In Which an Artist Discusses Making a Particular Work
Like many contemporary artists, Jimmy Robert moves easily between photography, film, sculpture, collaborative performance, and dance. Where he’s unusual is in his singular fixation on paper. Rarely does paper hang flush and unobtrusive in his works. Instead, Robert exploits paper’s physical qualities: crumpling it, hanging it in unframed images curling off the wall, crushing or folding it into frames or other restraints, casting it in plaster (sometimes painfully affixed to his body). Paper made visible and haptic gives Robert the scope to explore his favorite themes: the chasm between a live act and its documentation, how representation is impossible (but interestingly doomed), how images transmogrify across media, the brinksmanship of words and art both. We spoke via Skype, from my home in Chicago and his home in Berlin.

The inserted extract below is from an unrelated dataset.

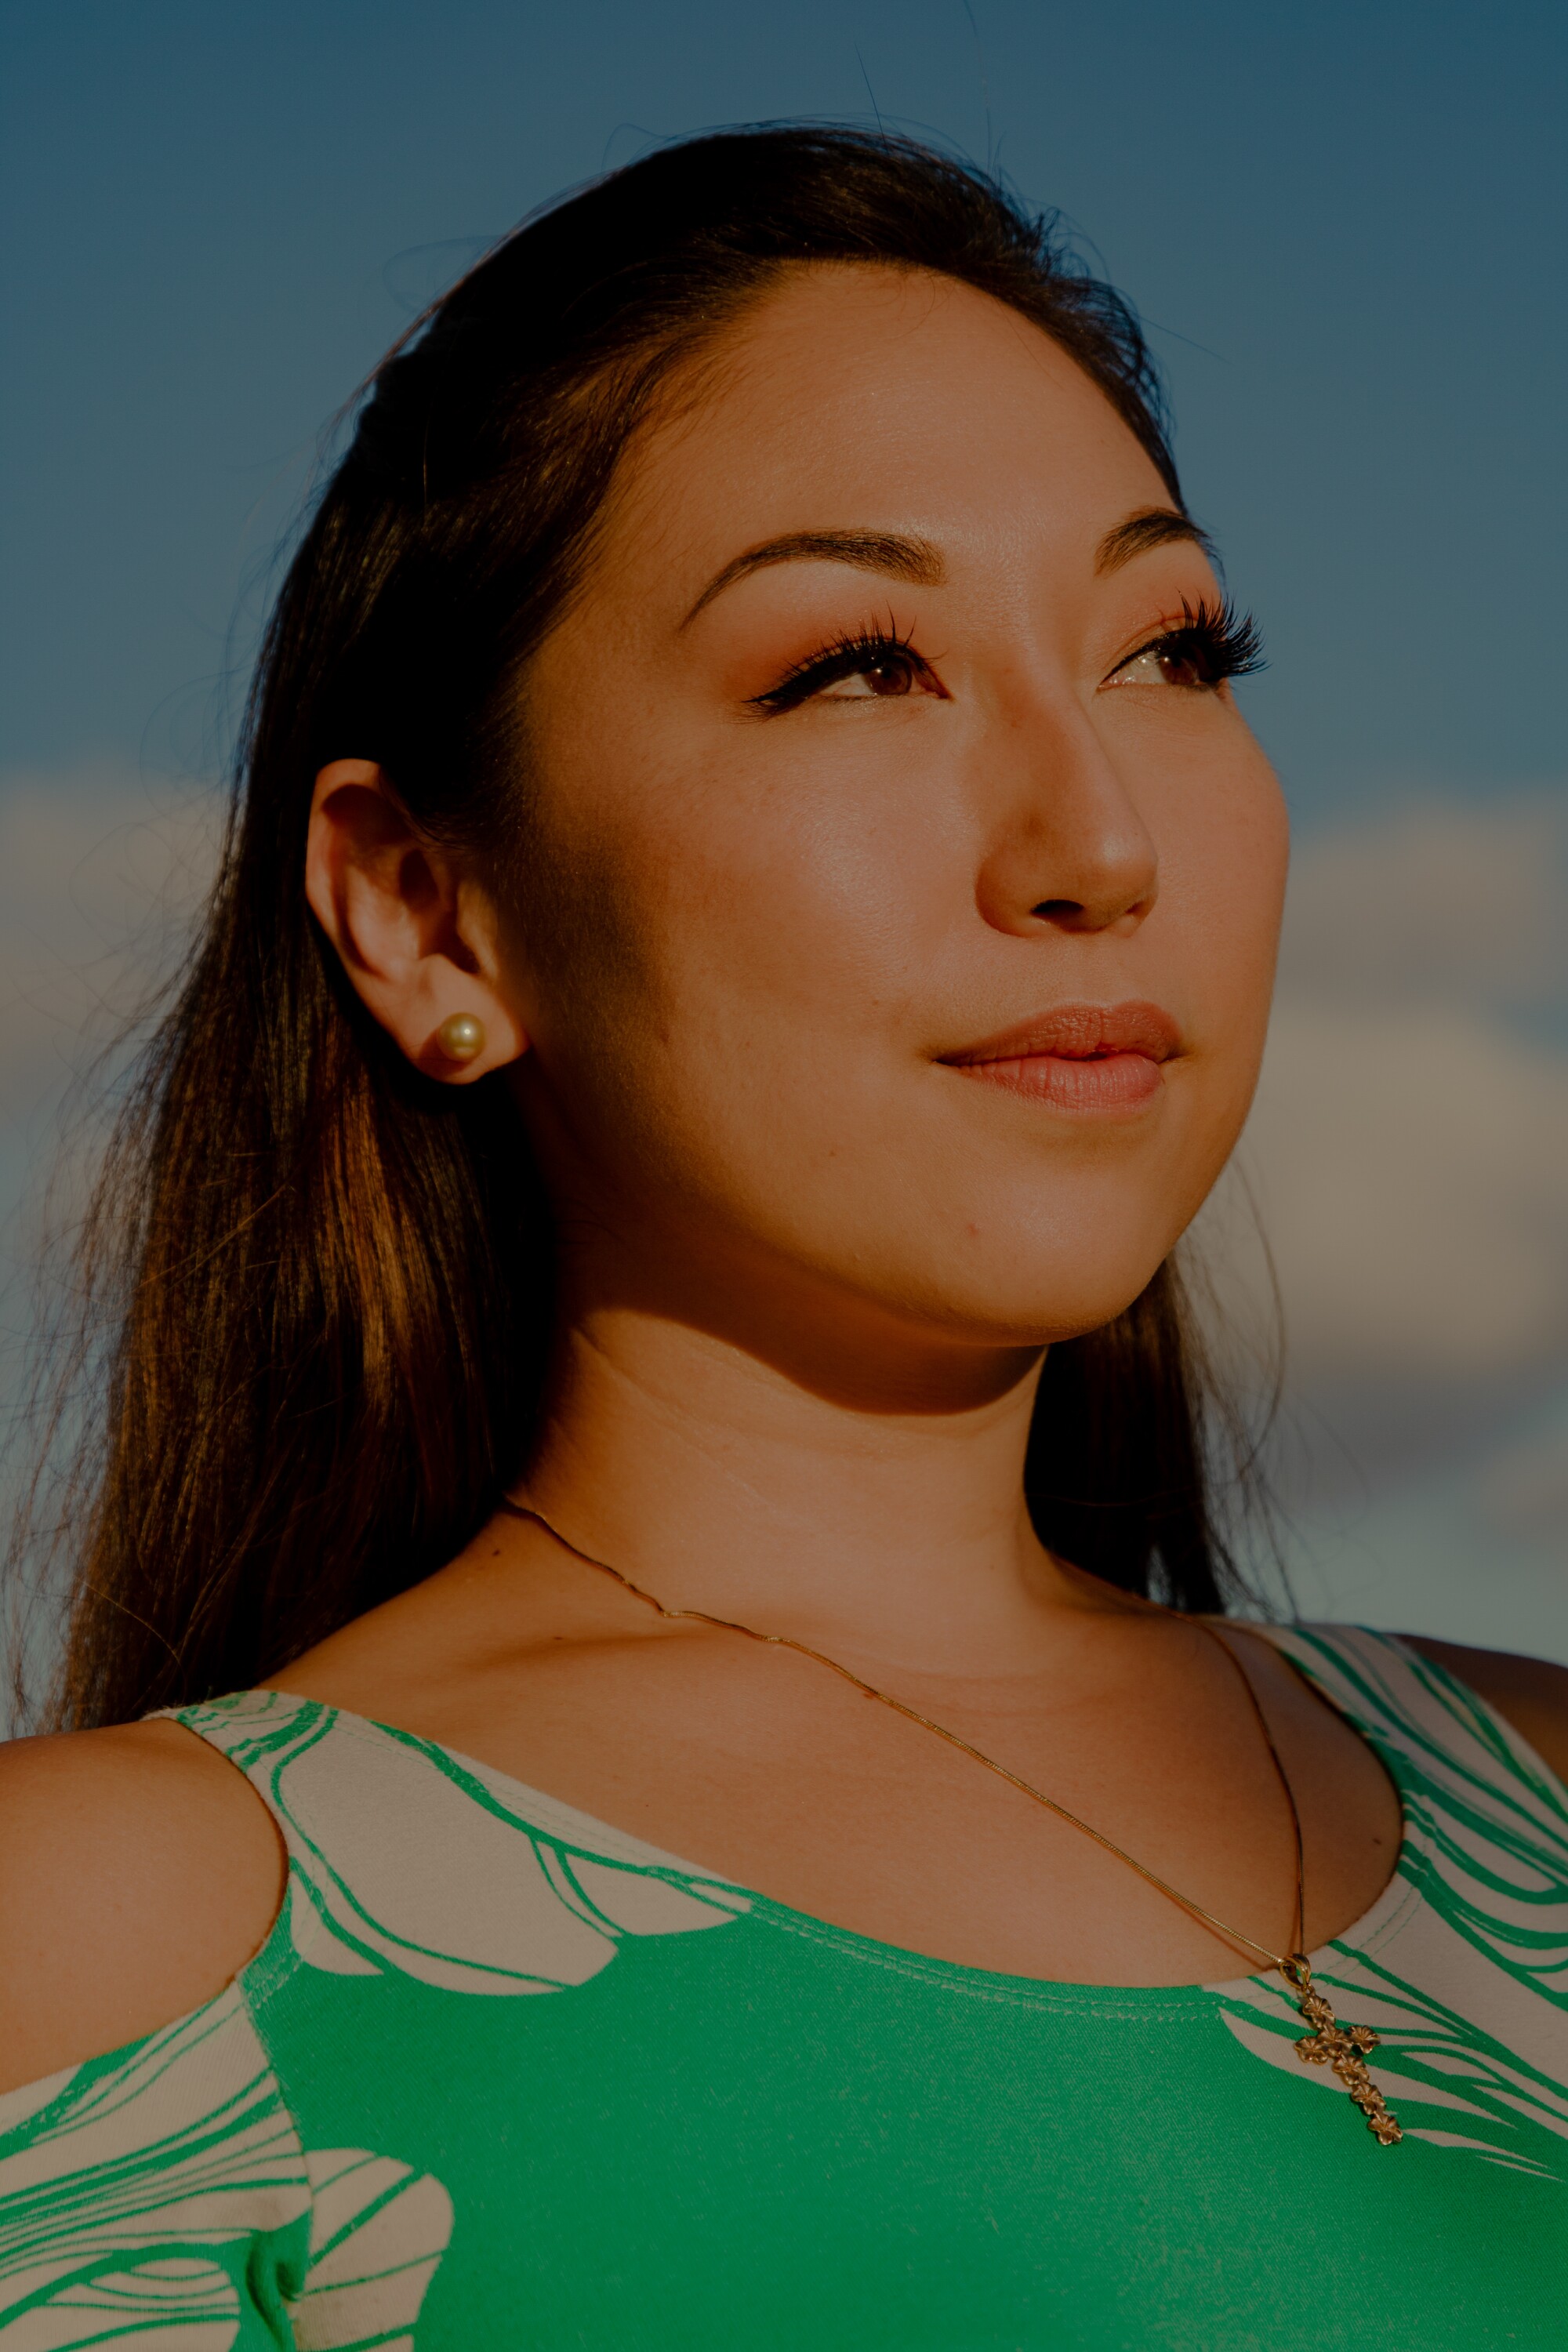 A woman wearing a green patterned top and a cross around her neck while looking off into the distance

THE BELIEVER: What was the starting point for this piece?
JIMMY ROBERT: The beginning of Reprise is two images, a print by [painter Katsushika] Hokusai, Travellers Caught in a Sudden Breeze at Ejiri, and an interpretation of that print, called A Sudden Gust of Wind (After Hokusai), by Jeff Wall, who used this image as a reference to make a light-box. All of this was activated by a monthlong residency I had in Japan, at Kitakyushu, in 2009. I was intrigued by butoh, this Japanese style of dance that’s very slow, static, and contemplative. I had met [Kitakyushu curator] Akiko Miyake previously at the Yokohama Triennale, in 2008, where I saw Min Tanaka—one of the fathers of butoh—perform. Akiko put me in touch with one of Min Tanaka’s apprentices, Shiho Ishihara. That’s who you see in Reprise.